В одну секунду вокруг Лиды все встало вверх тормашками. Замелькали босые ноги, подушки, кто-то, захлебываясь от спешки, завопил: «Мой солдат!»
Лицо Кирея дрогнуло, и он открыл глаза, из которых полилась на Лиду хитроватая голубизна.
— Мой солдат, — тихо сказала ему Лида, встретившись с ним взглядом.
Кирей сначала удивился, но потом расплылся в доверчивой улыбке:
- Ага! А вы тоже?..
— Тоже! — улыбнулась ему в ответ Лида. — Вставай, мой солдат.

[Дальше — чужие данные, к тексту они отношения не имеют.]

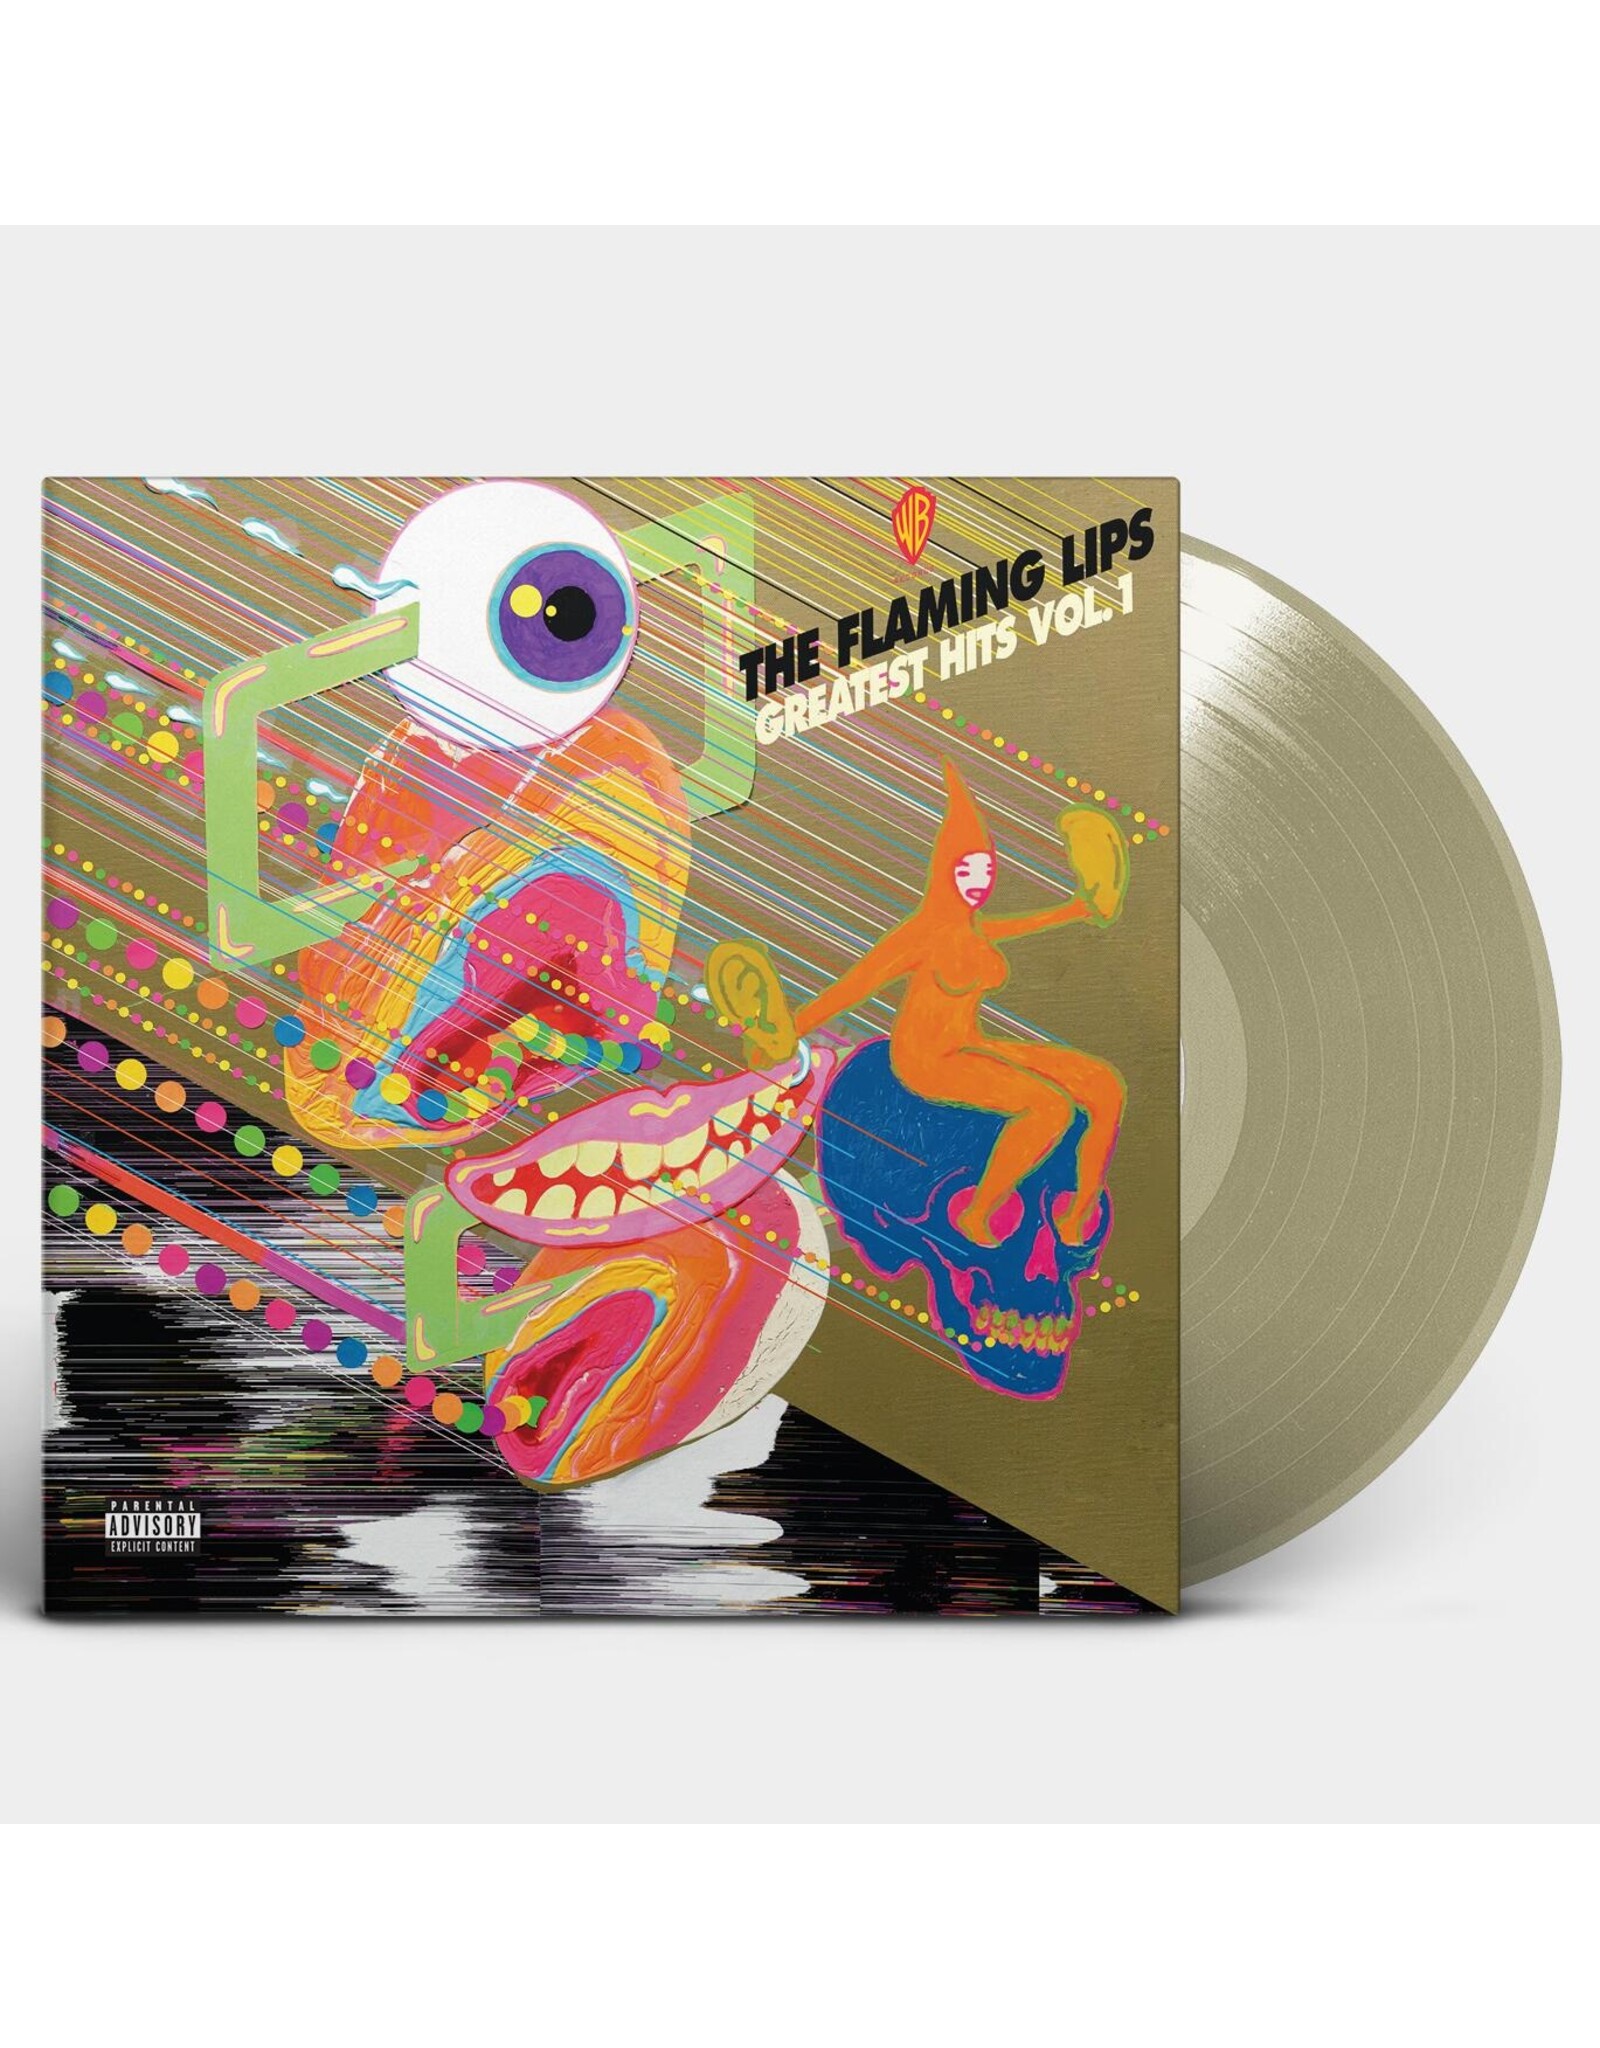 Flaming Lips - Greatest Hits Vol. 1 (Exclusive Gold Vinyl)
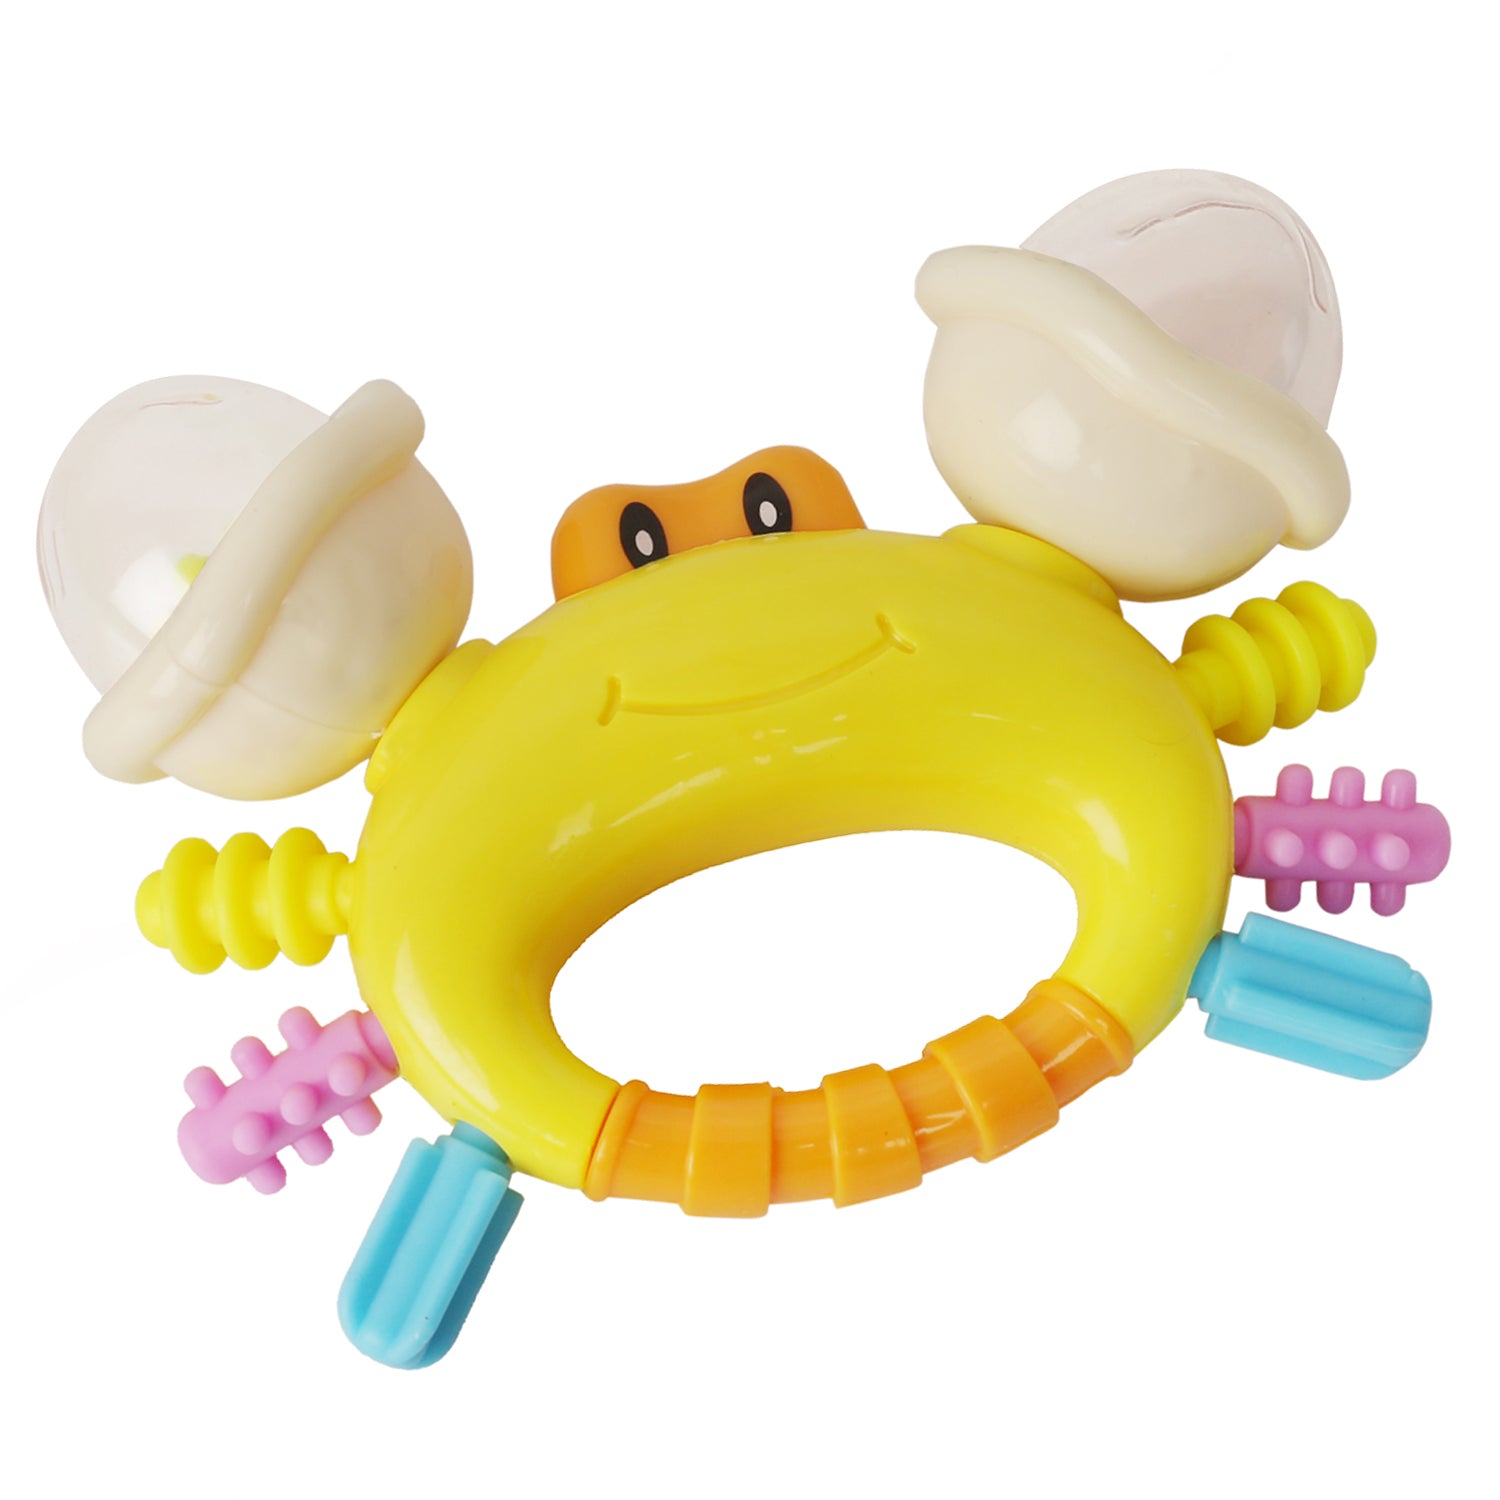 Crab Multicolour Rattle Toy - Baby Moo

Как старший по званию, я приказываю тебе выдраить этот отсек... — она показала рукой на пол.
Кирей вскочил и побежал в умывальник.
— А меня Лидь Фингенна засолдатила! — с гордостью сообщил он всем.
— Уй ты! Врешь! — не поверили ребята.
— Ага! Пол велела мыть. Пропусти! — и Кирей без очереди протиснулся к раковине.
Он едва успел вымыть пол. На зарядку опоздал. Взмок, как мышонок. Но из игры не вышел.
На другой и на третий день повторилось то же самое. Лида неотступно и зорко стояла у его кровати.
Кирею это перестало нравиться. Он поскучнел. Еще бы! Раньше он все утро читал книгу, а другие работали. Теперь же приходилось заправлять постель, чистить умывальник, орудовать шваброй...
И он стал соображать, как бы избавиться от игры, обернувшейся против него.
— А что, ребя, скучно все засолдативать да засолдативать, — как-то сказал он ребятам. — Надоело! То ли дело «слеп»!
Неизвестно как, но Кирей сумел доказать ребятам, что «мой солдат» устарел и что в моде давным-давно этот самый «слеп».
Игра с таким странным названием оказалась похожей чем-то на старинные городки. Только сооруженьица выстраивали из железных пробок от бутылок с газировкой. Битой служила плоская, в ладонь, железка. Недолет — «слеп»! Перелет — «слеп»! Кто попал — забирает пробки себе...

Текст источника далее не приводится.